Lawmakers head into the final day of the 2013 session with deals in place to conclude their budget work on time, following days of messy debate over contentious tax hikes, state infrastructure projects, legislative pay and efforts to unionize child-care providers and personal-care attendants.
The Star Tribune reports that DFL and Republican leaders in both bodies have reached agreements to end the session quietly before Monday’s midnight adjournment deadline.
That would be a huge departure from the mood that pervaded the Capitol over the weekend.
For days, Republicans in the House filibustered the unionization measure, and GOP lawmakers in the Senate were set to run out the clock on a bullying bill until it was pulled from consideration.
That means the lingering debate over the unionization bill likely should conclude quickly when the House begins at 11 a.m. and that lawmakers there will be able to focus on funding for state departments and veterans. The Senate must also take up the departments measure, one of the last major budget bills to be passed, when it comes in at 11 a.m.
The Senate on Sunday finished up with the early-childhood-through-12th-grade education bill that already has passed the House, meaning the vast majority of the state budget has already been sent to Gov. Mark Dayton.

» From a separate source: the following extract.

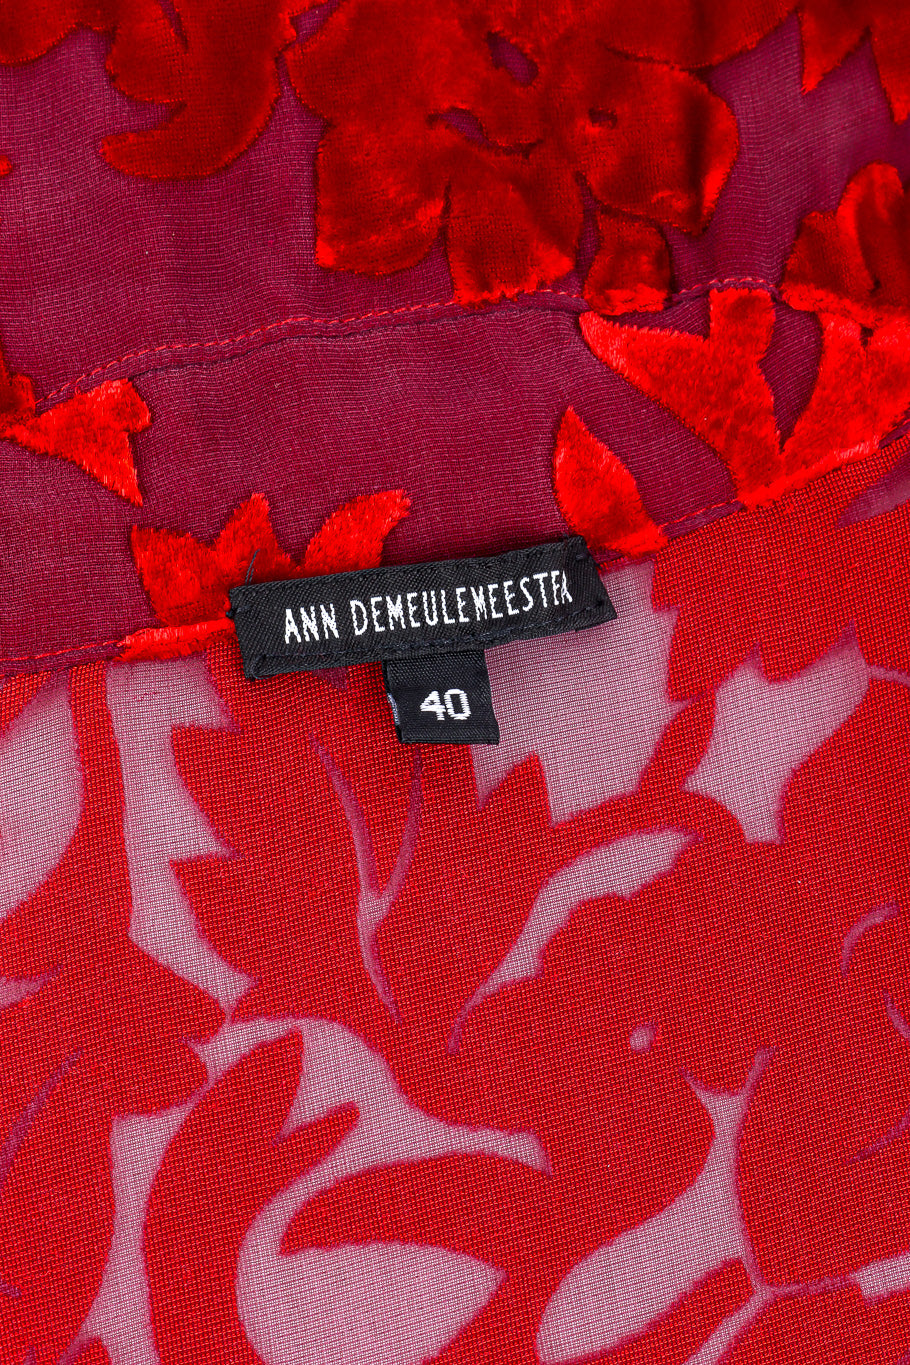 Ann Demeulemeester velvet robe jacket designer label and size @recessla

The House, which passed the roughly $2 billion in tax hikes required to fund the state budget bills on Sunday, is sending the measure to the Senate for passage.
Also on Sunday, the Senate passed a proposed constitutional amendment that would take lawmakers’ pay out of legislators’ hands and give it to a citizen council. The amendment, which would go on the ballot in 2016, passed with bipartisan support in the Senate. House Republicans on Friday had demonized it as a waste of time, but DFLers passed the measure.
The Senate, before consulting with the House, also unanimously passed a $132 million bonding bill for Capitol renovations and adjacent parking. The tax plan includes $3 million for design work on an office building related to the Capitol renovation.
House Republicans tanked an $800 million bonding bill on Friday that included $109 million for the crumbling Capitol building, and there were whispers all weekend that Senate Democrats were working on a pared-down bonding bill to save the Capitol project.
House Speaker Paul Thissen told reporters that the Senate hadn’t consulted him before passing the last-minute bill, and Rep. Alice Hausman, the DFL bonding leader in the House, remained out of the loop all weekend.
It’s unclear whether the smaller bonding plan will clear the House, where at least eight Republican votes are needed.
While the House is expected to pass the child-care unionization measure at some point Monday, supporters of stronger bullying legislation in the Senate are out of luck.
Sen. Scott Dibble, the chief proponent of stronger bullying legislation for schools, admitted defeat on Sunday night for his proposal because Republicans planned to talk out the clock.
“I’m very angry right now,” Dibble said, according to the Star Tribune.